Wie das Master Key System dabei hilft, Einsamkeit besser zu verstehen und dadurch sein Leben harmonischer zu gestalten.
In diesem Artikel dreht es sich um Einsamkeit. Dabei ist eine Unterscheidung besonders wichtig: Alleinsein und Einsamkeit sind nicht dasselbe. Ein Mensch kann allein in einem Raum sitzen und sich innerlich verbunden fühlen. Er kann von Menschen umgeben sein, in einer Partnerschaft leben, eine Familie besitzen, beruflich angesehen sein und sich dennoch fühlen, als erreiche niemand den Ort, an dem er wirklich lebt.
Einsamkeit ist deshalb nicht bloß das Fehlen anderer Menschen.

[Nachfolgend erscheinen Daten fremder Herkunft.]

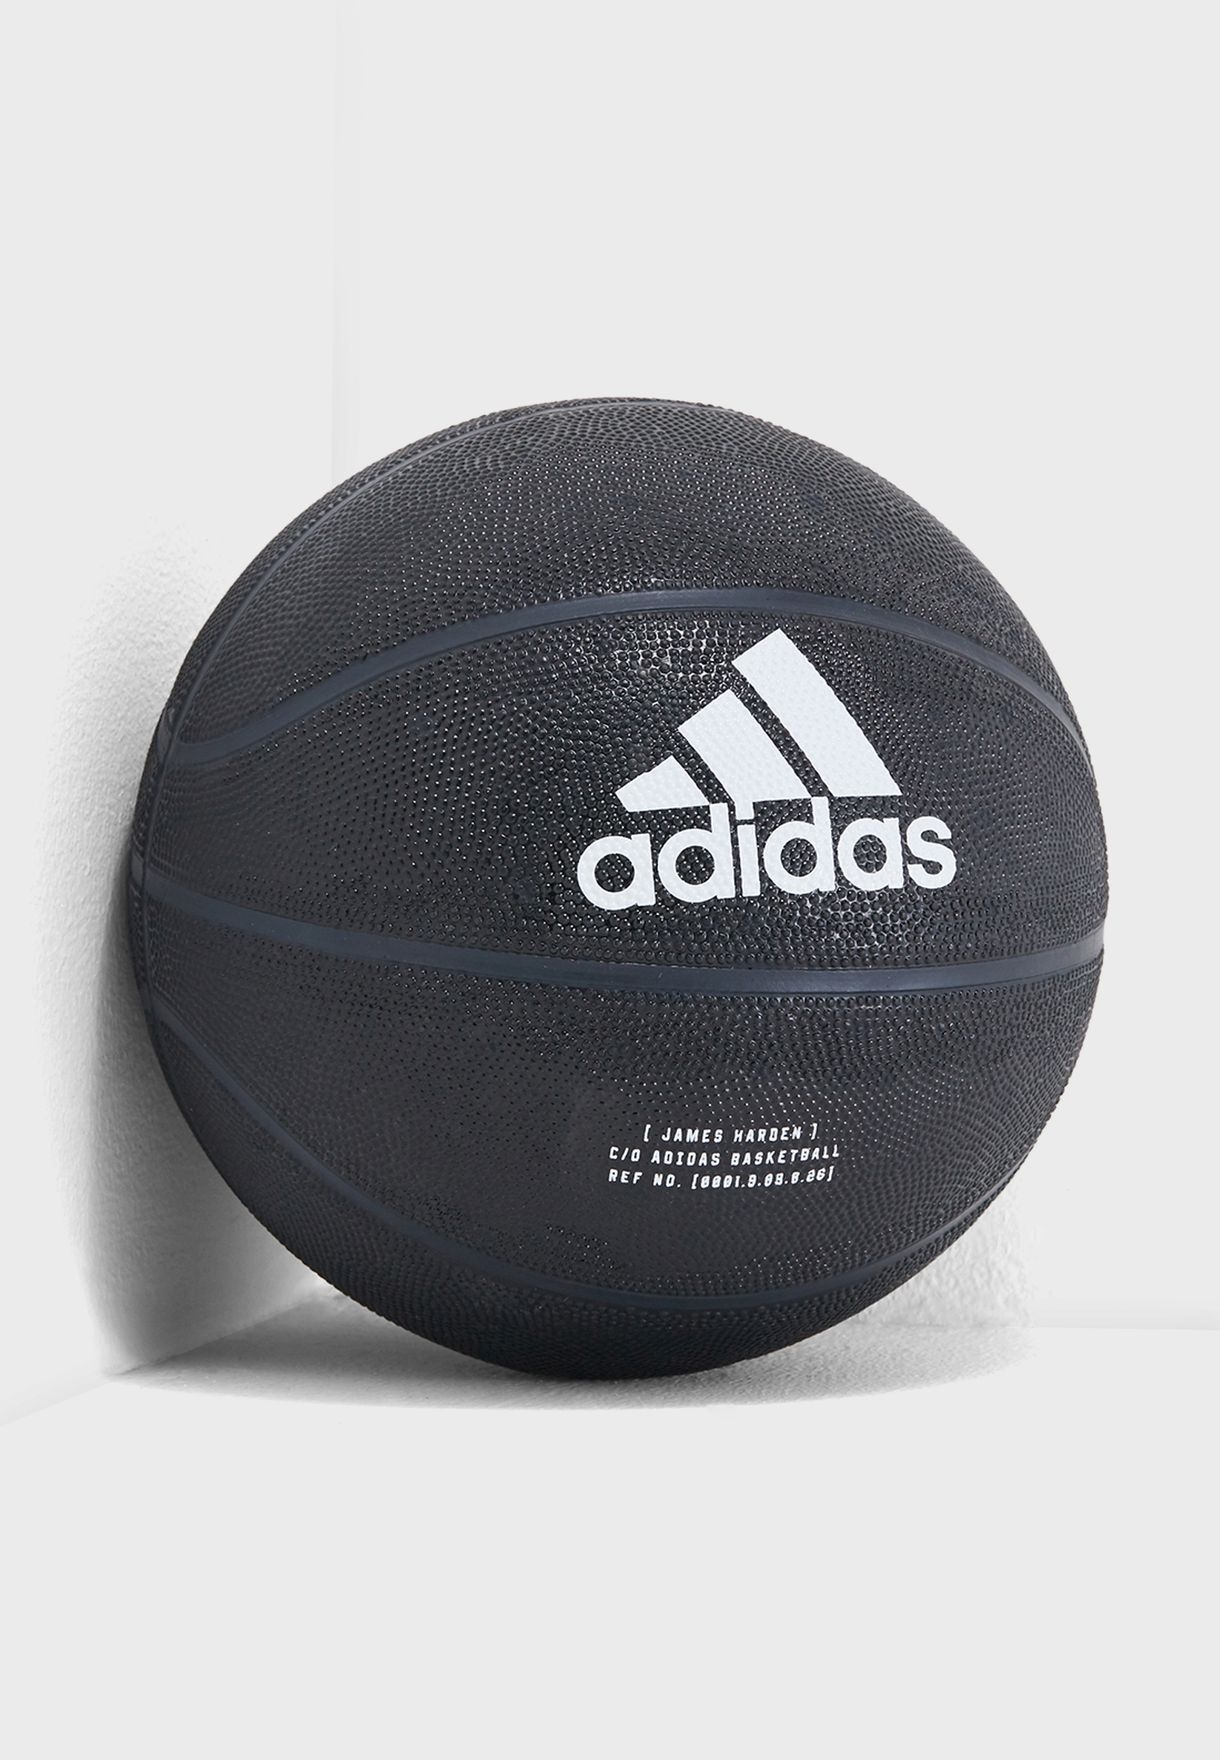 adidas black basketball
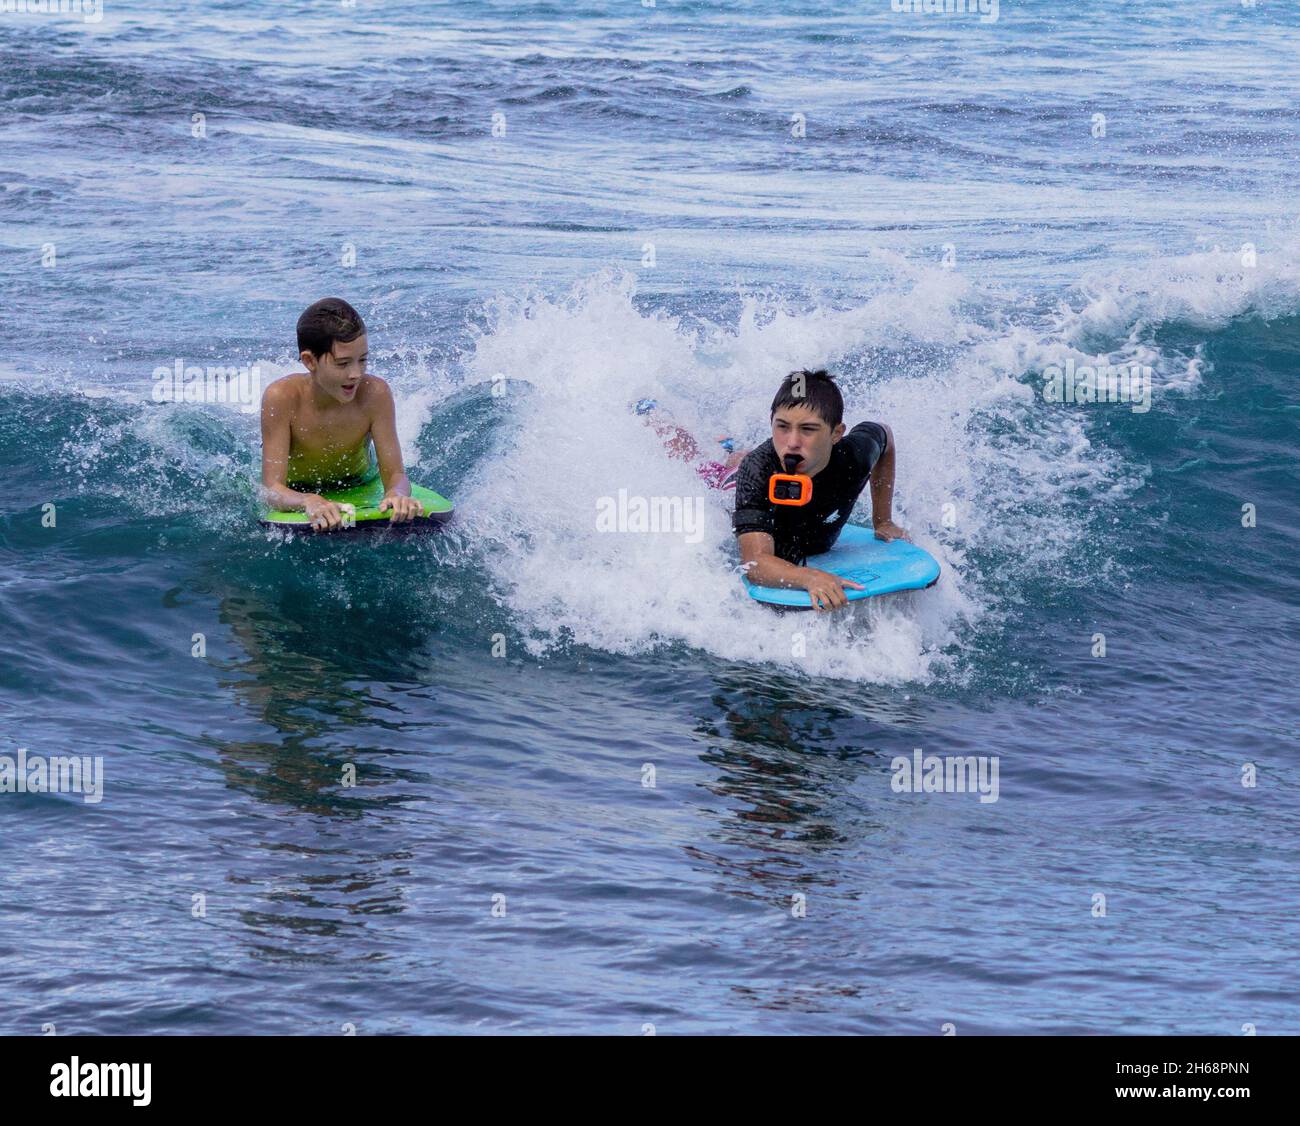 Honolulu, Hawaii - 6 novembre 2021 - les jeunes garçons jouent sur leurs planches de surf. Banque D'Images

Sie ist das Erleben fehlender Beziehung – zu anderen, zum eigenen inneren Leben und bisweilen zum Leben selbst.
Das Master Key System ist für dieses Thema besonders geeignet, weil es den Menschen nicht als passives Opfer äußerer Umstände betrachtet. Es leugnet diese Umstände nicht. Ein Mensch kann tatsächlich isoliert, verlassen, ausgegrenzt oder sozial entwurzelt sein. Doch es richtet den Blick zugleich auf die innere Ordnung, durch die Nähe wahrgenommen, zugelassen, verhindert oder ständig wieder verloren wird.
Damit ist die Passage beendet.